Chemistry History Lesson: From Anti-Plague Elixirs to a Precious Nose That Wasn’t

Sept. 6, 2024
Danish scientist Tycho Brahe took many of his experiments to his grave. However, researchers from the University of Southern Denmark have found clues that shed light on his mysterious work.

The mystery element is tungsten.

Shrouded in Secrecy

As for the experiments themselves, the quantity of raw materials used and the processes they were subjected to were closely guarded and extremely lucrative secrets. 
 
This brings us to current news: Danish scientists have now shed some light on the chemical substances Brahe kept secret in a recent article in Heritage Science (DOI: 10.1186/s40494-024-01301-6). 
 
Fragments of glass and ceramic ware retrieved from the remains of Brahe’s now-demolished laboratory and analyzed using laser ablation inductively coupled plasma with mass spectrometry (LA-ICP-MS), a technique capable of highly sensitive elemental and isotopic analyses.
 
Four of the elements, copper, antimony, gold and mercury, are in accordance with reconstructed recipes of Paracelsian medicines for which Brahe was famous.
 
Enriched levels of these elements, plus tin and zinc, have been found on both the inside and outside of the shards.
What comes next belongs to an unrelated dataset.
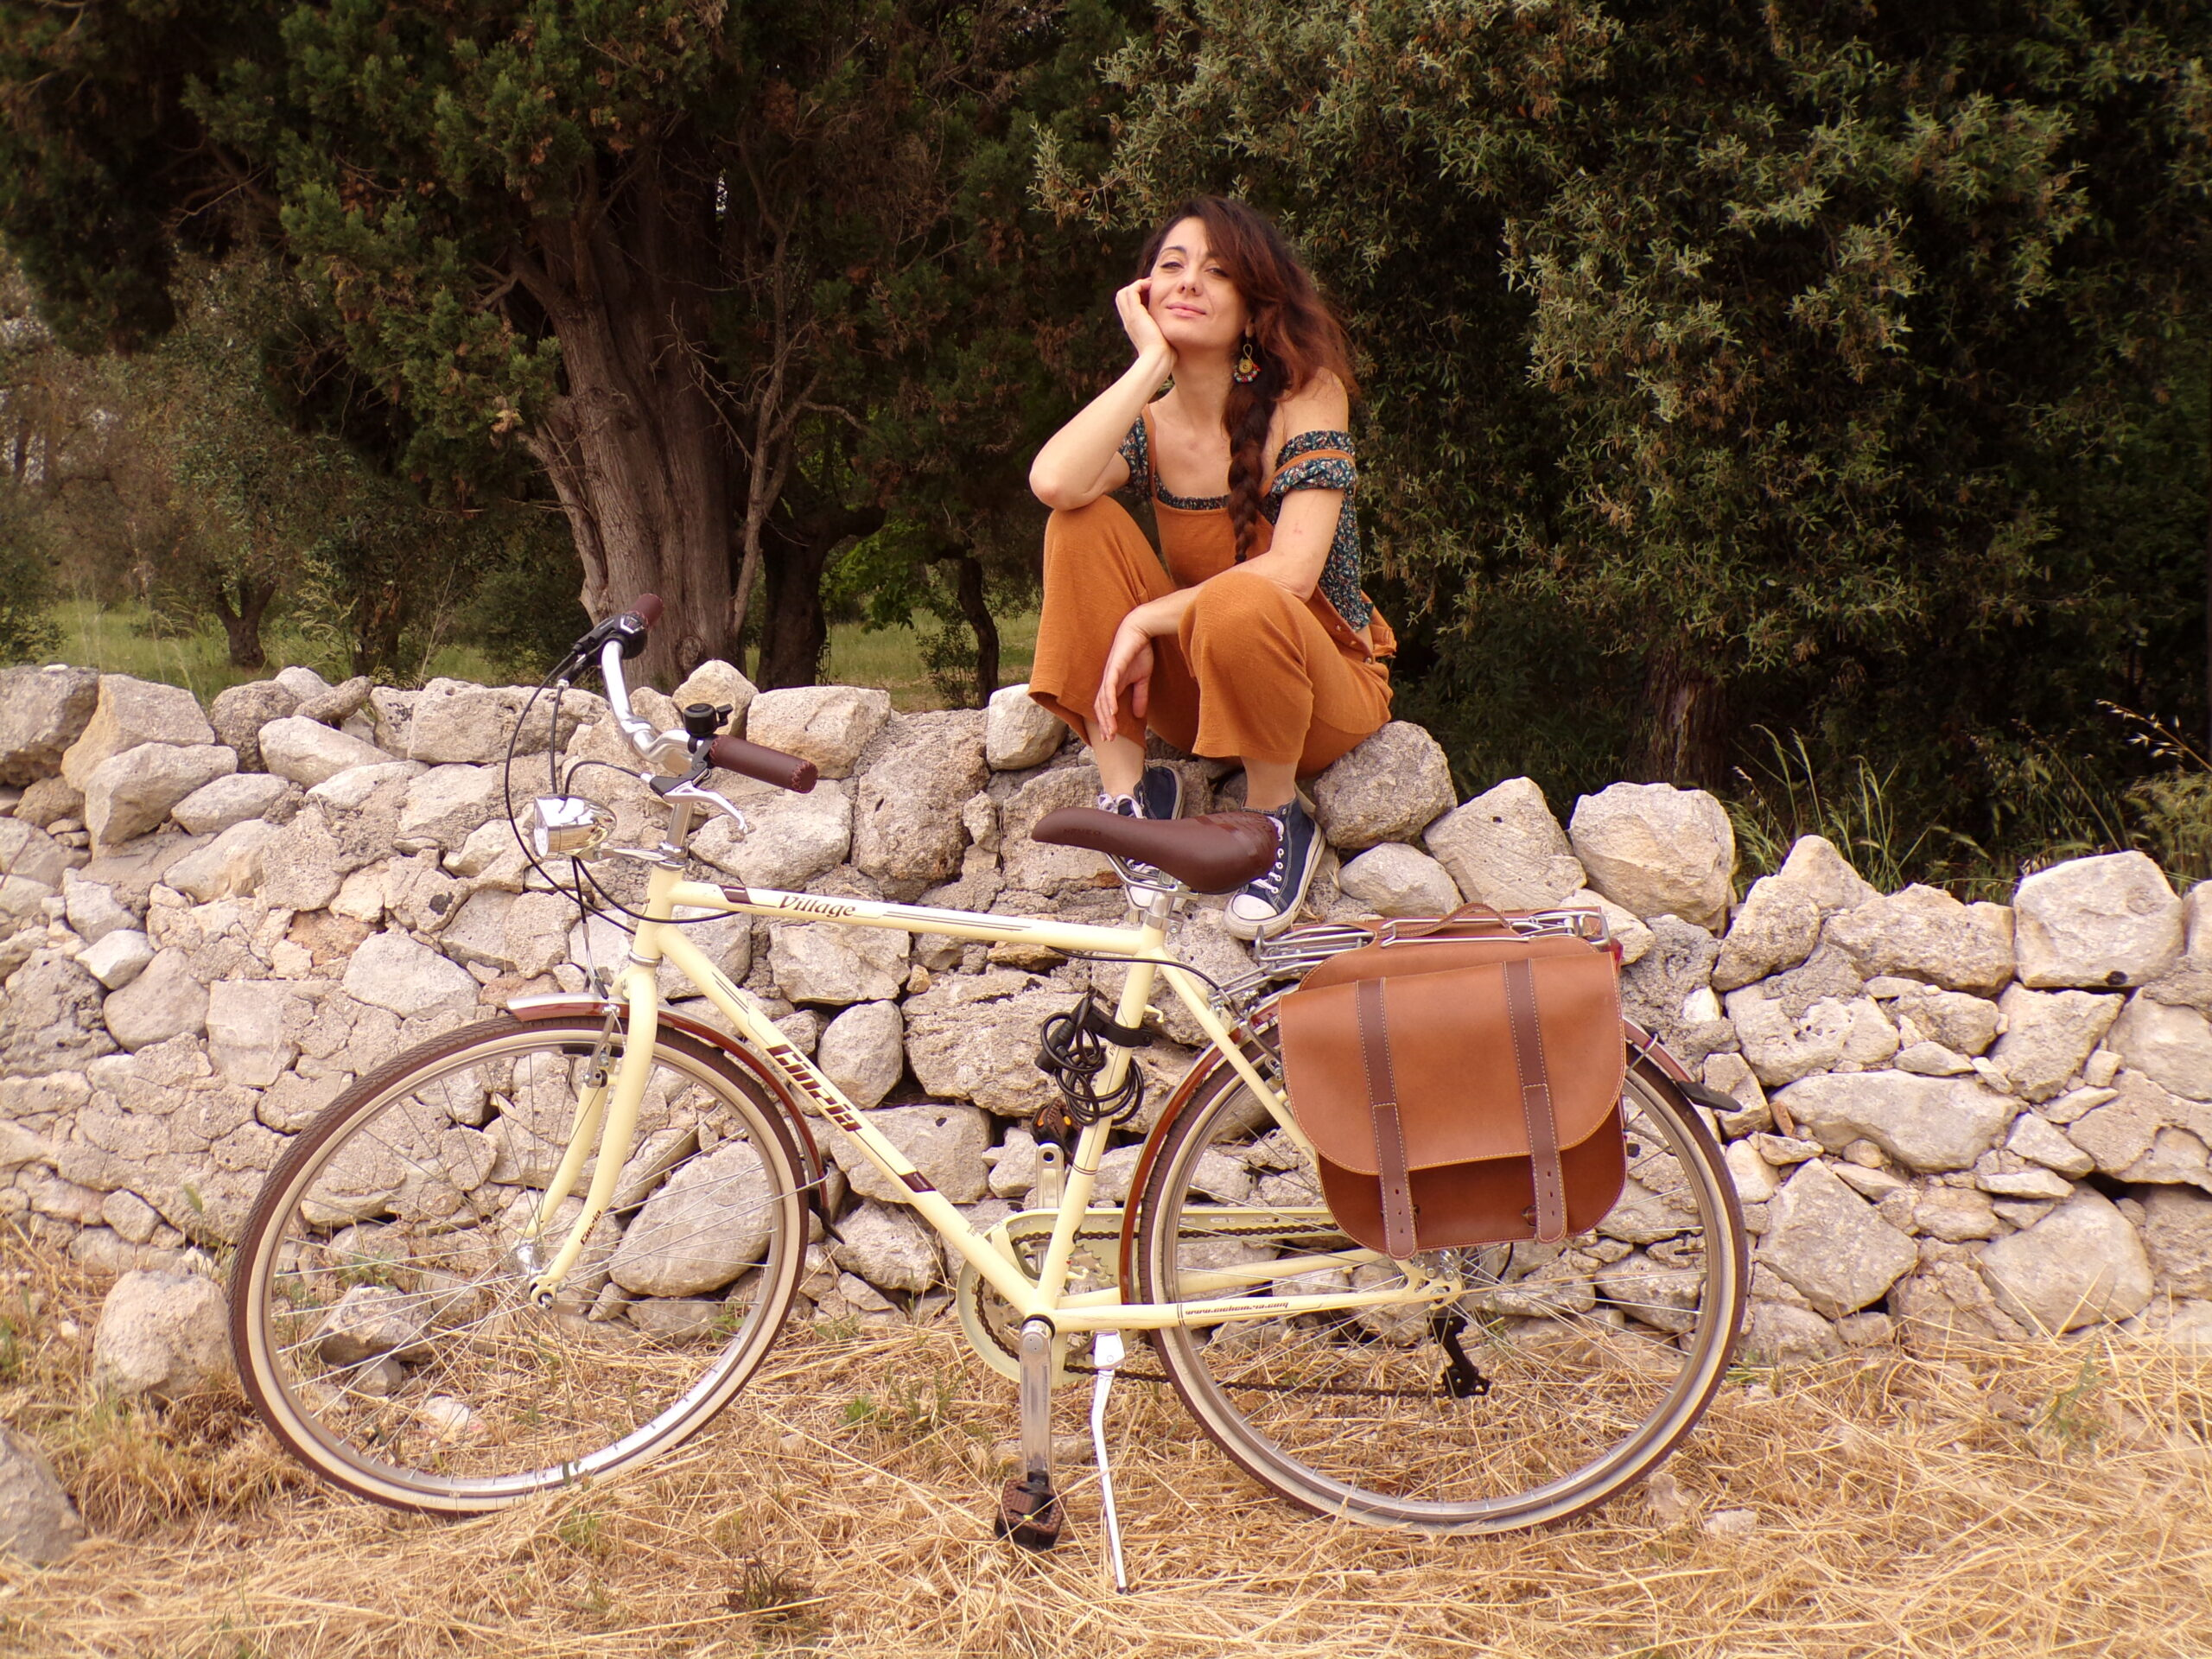 Viaggi in bici in Italia: i migliori itinerari e le regioni bike friendly

The mystery element is tungsten.
 
"Tungsten had not even been described at that time, so what should we infer from its presence on a shard from Tycho Brahe's alchemy workshop?" asked Kaare Lund Rasmussen, professor emeritus and expert in archaeometry, from the Department of Physics, Chemistry and Pharmacy at the University of Southern Denmark.
 
One theory is that Brahe unwittingly isolated the element while processing its mineral sources for use in his recipes — 180 years before Swedish chemist Carl Wilhelm Scheele is credited with describing and producing it. 
 
Another, from Lund Rasmussen and admittedly unsupported by any evidence, is that Brahe might have heard about the work of German mineralogist Georgius Agricola in the first half of the 1500s. 
 
Agricola described something strange in tin ore from Saxony, which caused problems when he tried to smelt the metal. He called this strange substance "Wolfram," German for Wolf's froth. Wolfram was later renamed tungsten in English, but the W stuck.
 
Perhaps Brahe was on its trail.
 

More Clues from Brahe Himself

However, Lund Rasmussen has cleared a couple of Brahe-related metallic mysteries. His analysis of the alchemist’s beard and bones following a 2010 exhumation found mercury levels weren’t abnormally high — settling the rumors that Brahe had been poisoned, possibly by jealous fellow astronomer Johannes Kepler.  
 
At the same time, greenish stains around the nasal areas of Brahe's corpse contained traces of copper and zinc, indicating that his prosthetic nose was made of brass and not silver or gold, as many believed.
 
As usual with Brahe, details are sketchy on how he lost his nose, but it seems likely it was severed in a drunken sword fight with a cousin.
About the Author

Seán Ottewell | Editor-at-Large

Seán Crevan Ottewell is Chemical Processing's Editor-at-Large. Seán earned his bachelor's of science degree in biochemistry at the University of Warwick and his master's in radiation biochemistry at the University of London. He served as Science Officer with the UK Department of Environment’s Chernobyl Monitoring Unit’s Food Science Radiation Unit, London. His editorial background includes assistant editor, news editor and then editor of The Chemical Engineer, the Institution of Chemical Engineers’ twice monthly technical journal. Prior to joining Chemical Processing in 2012 he was editor of European Chemical Engineer, European Process Engineer, International Power Engineer, and European Laboratory Scientist, with Setform Limited, London.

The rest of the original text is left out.